STREAM EXCLUSIVE ORIGINALS

Don't Ask When: Repeal of Gay Ban Won't Be Soon

WASHINGTON – President Barack Obama, Pentagon leaders and even former Vice President Dick Cheney think it's time to end the "don't ask, don't tell" policy on gays in the military. But a repeal is probably years away.

The two Defense Department officials appointed to lead a yearlong internal assessment — Gen. Carter Ham, commander of U.S. Army forces in Europe, and Jeh Johnson, the Pentagon's chief legal counsel — met for the first time Feb. 9.

As that study gets under way, officials were expected by mid-March to suggest ways to relax enforcement of the law. Of particular interest is minimizing cases of "third-party outings," where a service member is kicked out after being reported by others to be gay.

The protracted timeline is about more than giving military leaders time to assess the impact on troops and put new rules in place. The multiyear process also is a strategic way of getting troops used to the idea before they have to accept change. Politically, the timeline puts off congressional debate over lifting the ban until after elections this fall.

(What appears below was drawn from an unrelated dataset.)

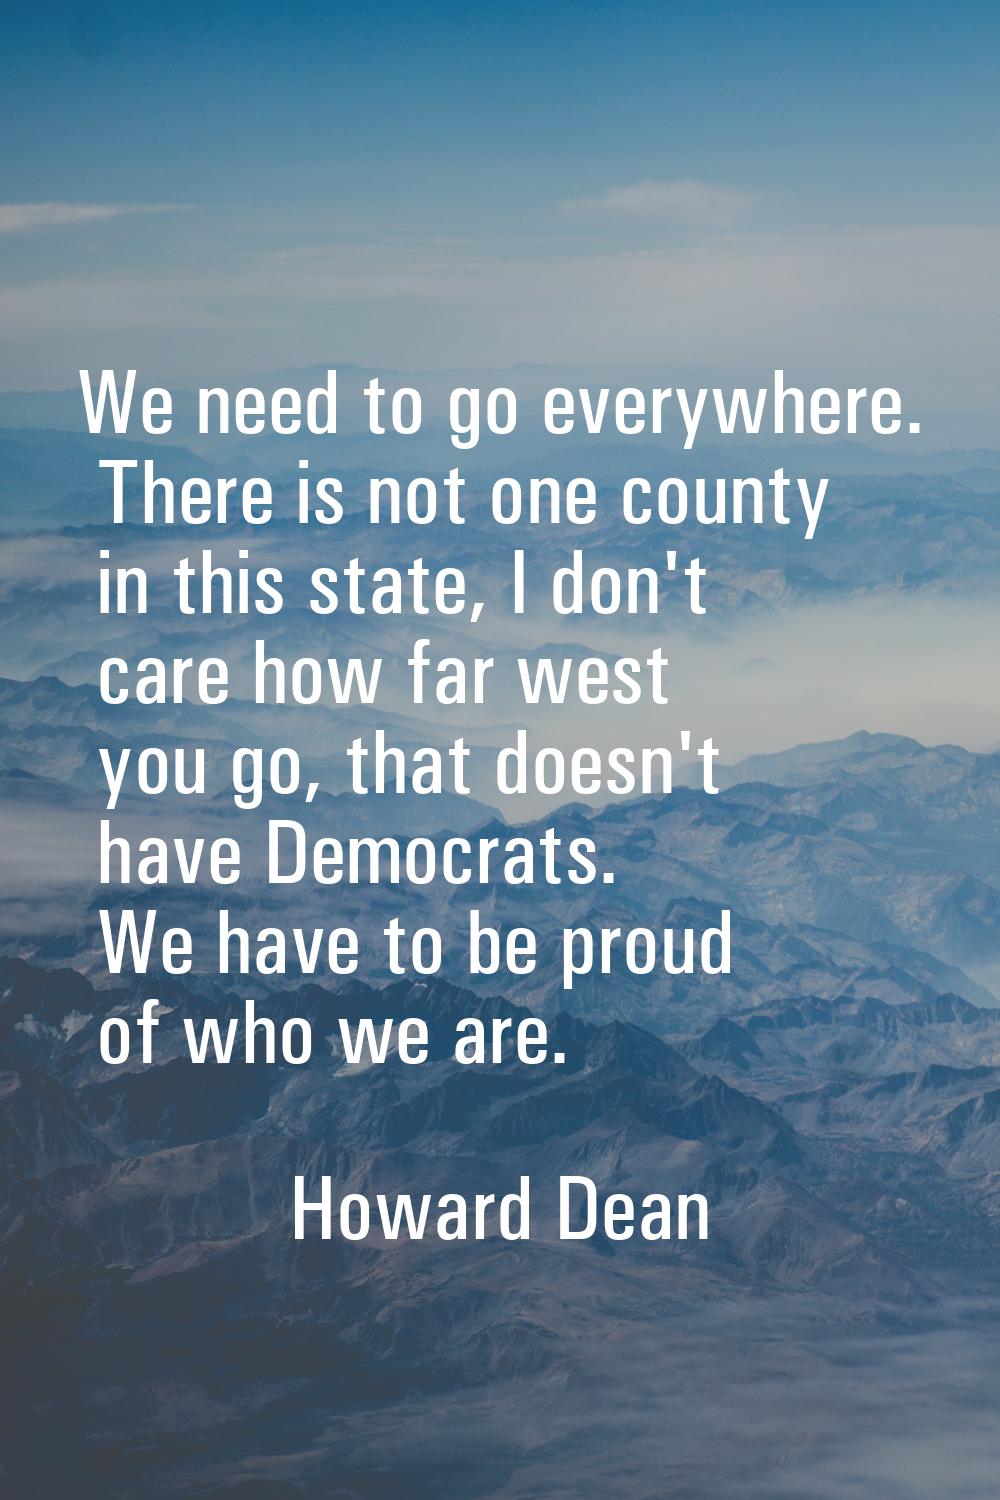 We need to go everywhere. There is not one county in this state, I don't care how far west you go,

Reversing the military's policy on gays, which is based on a 1993 law and would require an act of Congress, would mark the biggest upheaval to the military's personnel policies since the 1948 executive order on racial integration.

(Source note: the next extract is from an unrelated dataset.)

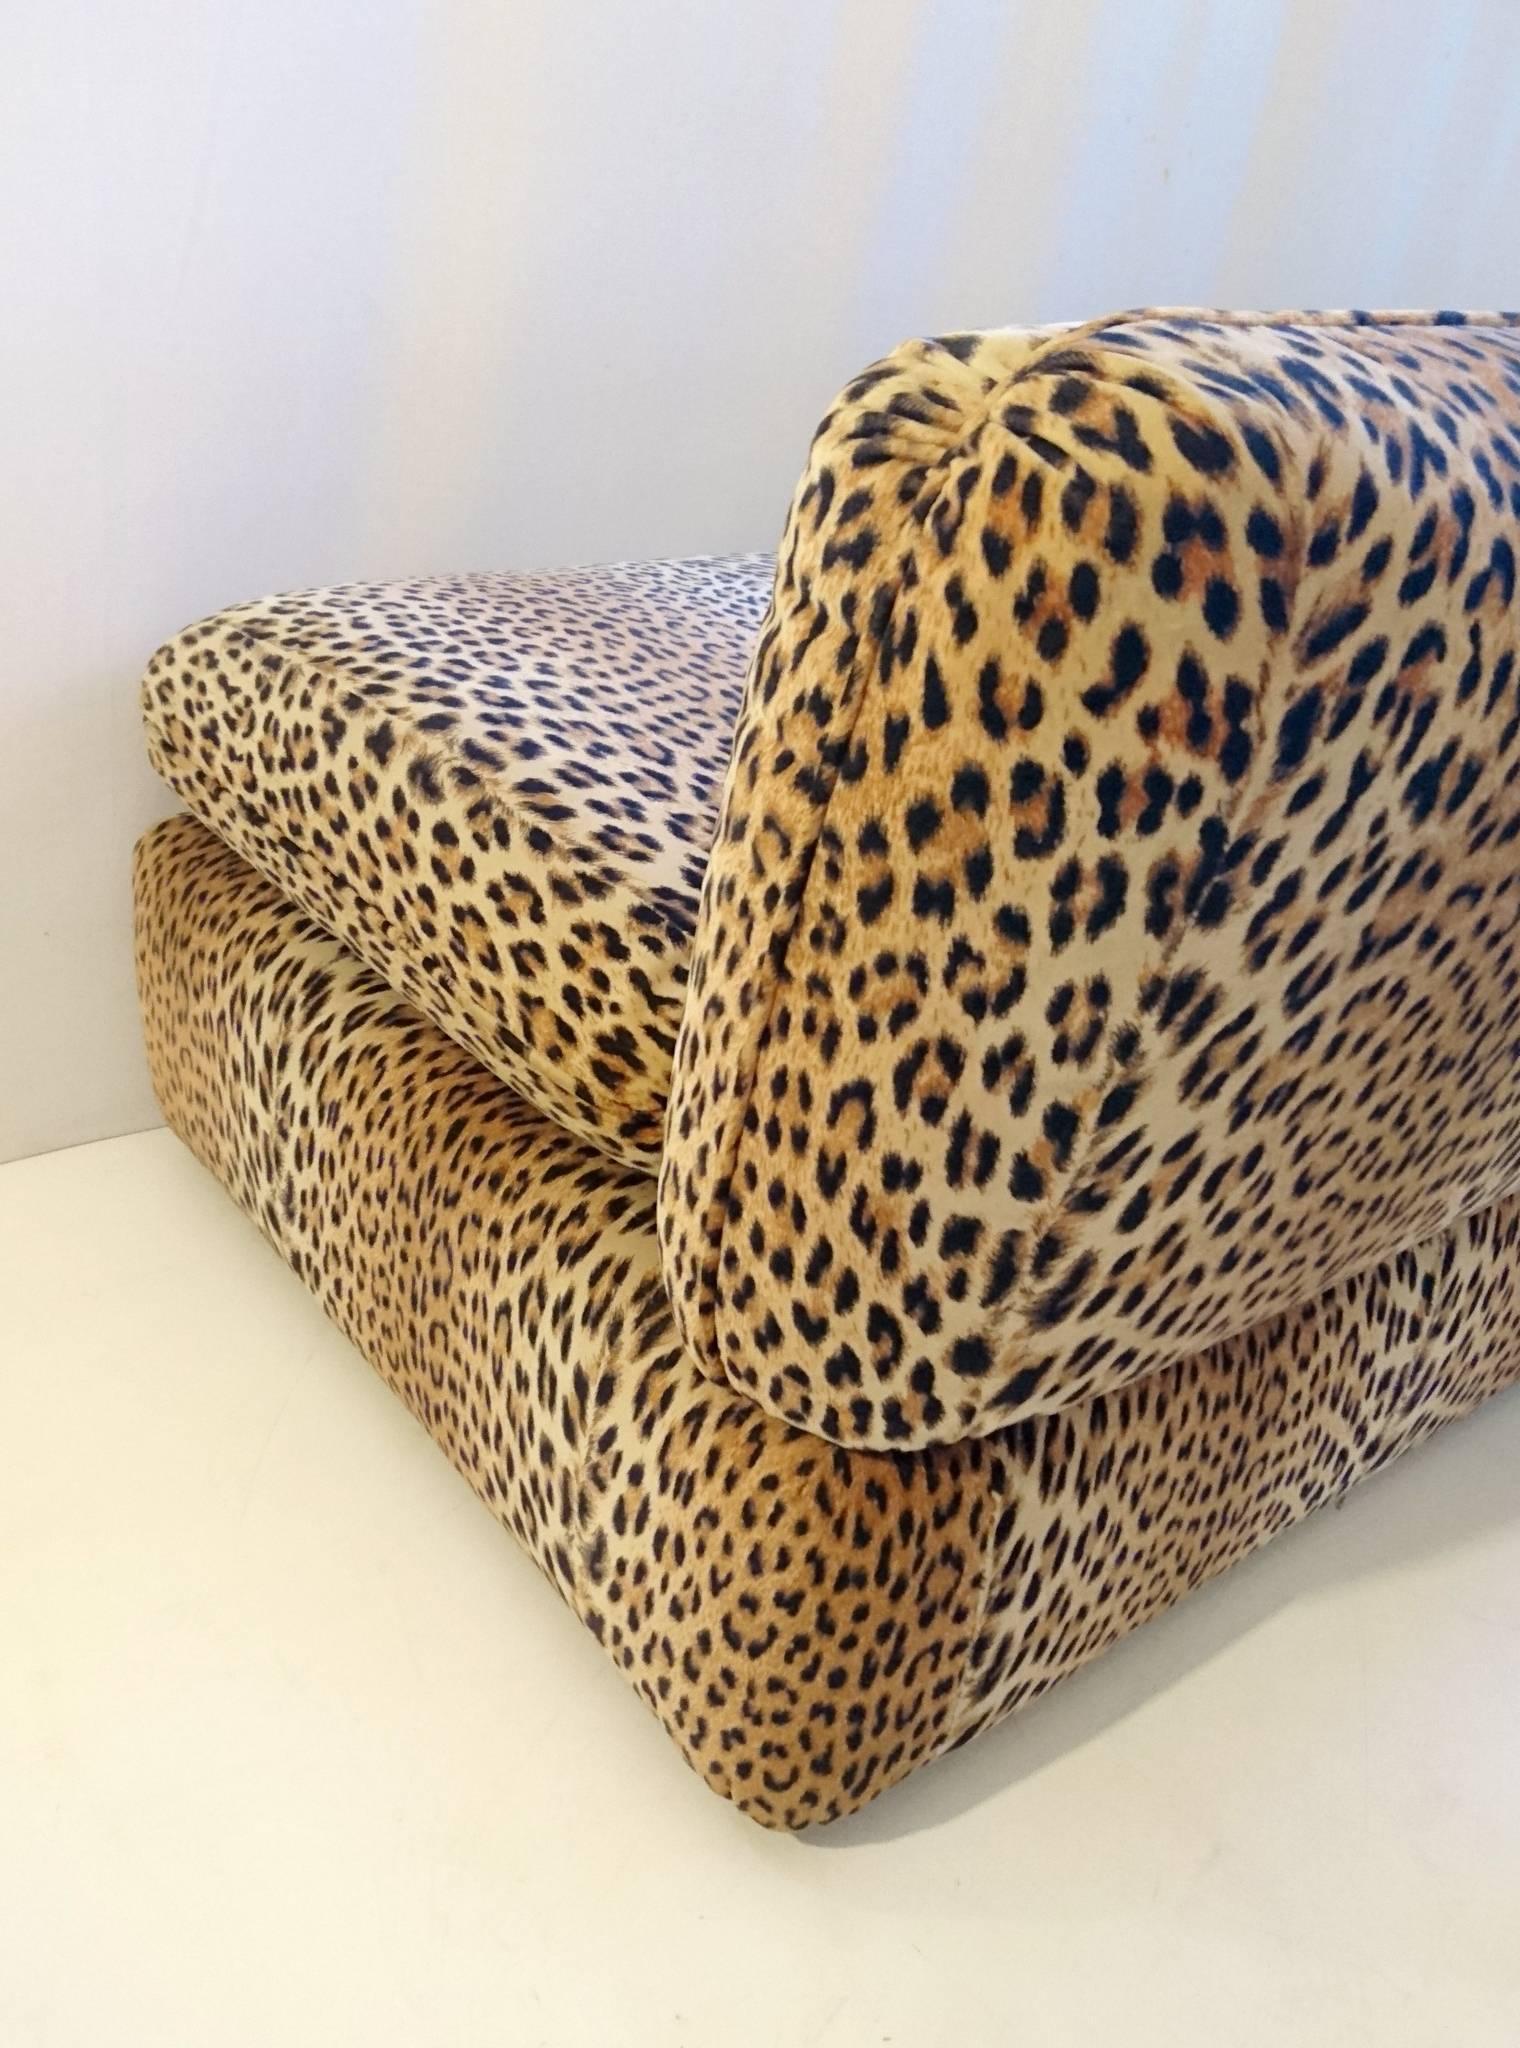 Late 20th Century Vintage Sofa in Leopard Velvet by Cyrus Company Italy

The goal, according to senior defense and military officials, is to avoid the backlash that could result from imposing change too fast. While officials expect resistance from only a minority of service members and believe that it could be contained with discipline, officials fear isolated incidents of violence could erupt as a means of protest.

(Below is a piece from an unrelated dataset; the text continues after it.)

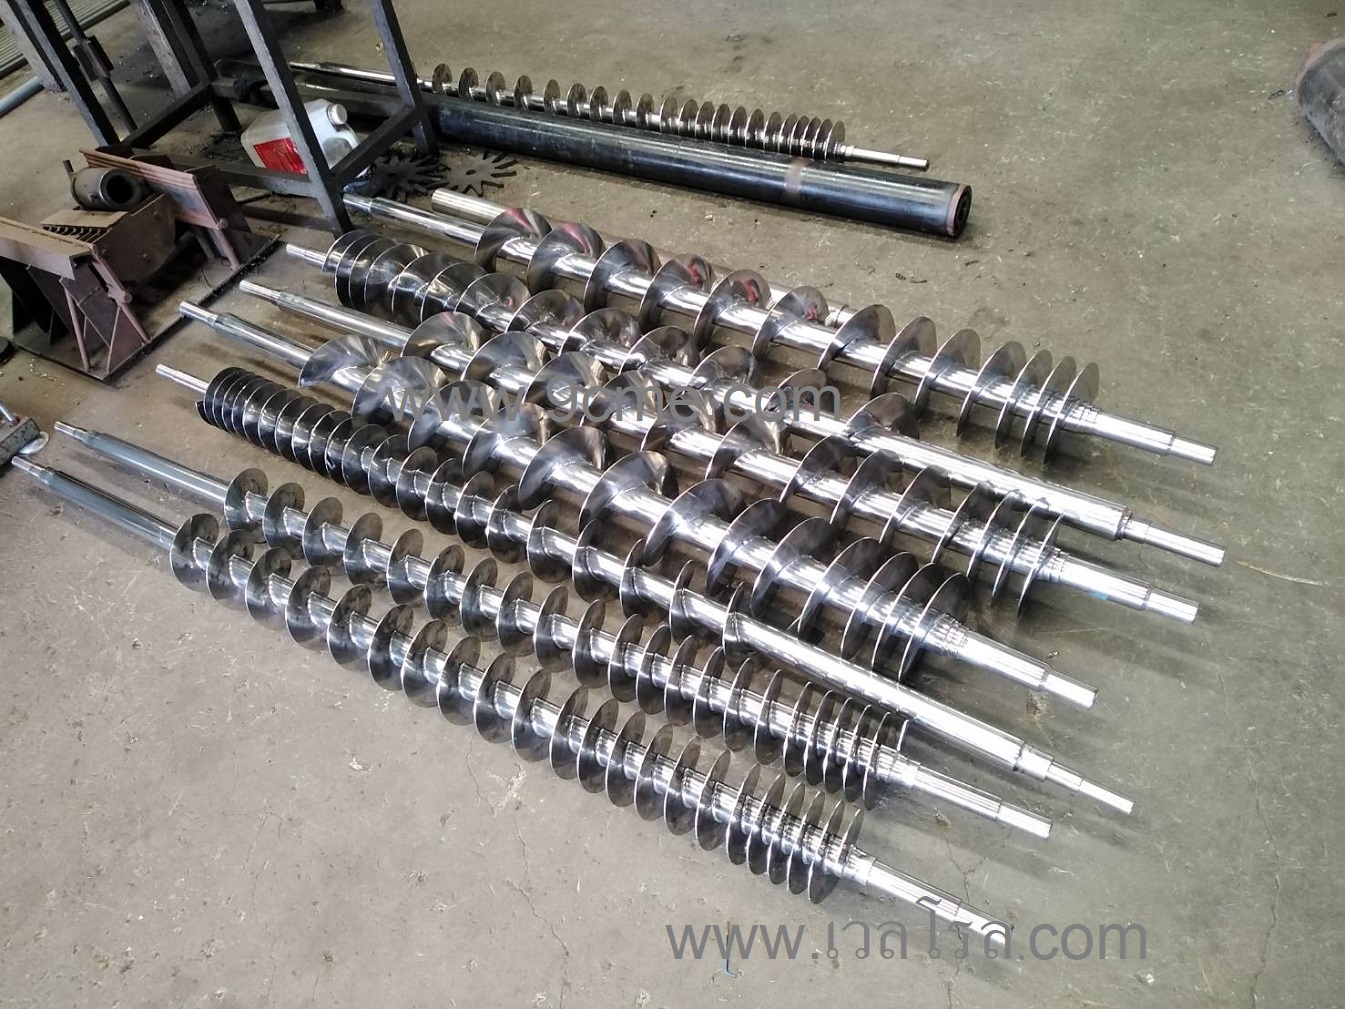 Spare parts for screw feeder

Defense Secretary Robert Gates suggested as much in recent congressional testimony, when he said he had learned from "stupid" management attempts to dictate change too quickly as a senior CIA official in the 1980s.

Stupid was trying to impose a policy from the top without any regard for the views of the people who were going to be affected or the people who would have to effect the policy change," Gates said.

As part of the internal review, Gates said the military would survey service members and their families on any changes to policies.

A guiding principle of our efforts will be to minimize disruption and polarization within the ranks, with special attention paid to those serving on the front lines," Gates told a Senate committee this month.

Obama, who says the ban is unjust, is counting on a major cultural shift among American voters in the 17 years since it went into effect. Democratic lawmakers joined the military in resisting a proposal by then-President Bill Clinton that would have let gays serve openly.

Clinton emerged from the debate politically bruised, with GOP critics casting the new president as a social liberal who was woefully out of touch with the military.

Since then, Democratic lawmakers as well have been reluctant to take on the issue. Since taking control of Congress following the 2006 elections, Democrats have focused their efforts instead on more popular military-related issues like ending the war in Iraq.

According to a Washington Post-ABC News poll, three-quarters of Americans say that they support openly gay people serving in the military. The 75 percent figure is far above the 44 percent of Americans who held the same position in May 1993.

Cheney, defense secretary in the first Bush administration, said Sunday he supports a review of the policy.

When the chiefs come forward and say we think we can do it, it strikes me it's time to reconsider the policy," he said. "I'm reluctant to second-guess the military in this regard.

Cheney, who has an openly gay daughter, said he thinks society has moved on from staunch opposition to homosexuals serving in the military.

It's partly a generational question," he told ABC's "This Week," adding that "things have changed significantly" since the policy took effect.

Obama's national security adviser, retired Marine Gen. James Jones, said on CNN's "State of the Union" that the policy "has to evolve with the social norms of what is acceptable and what is not.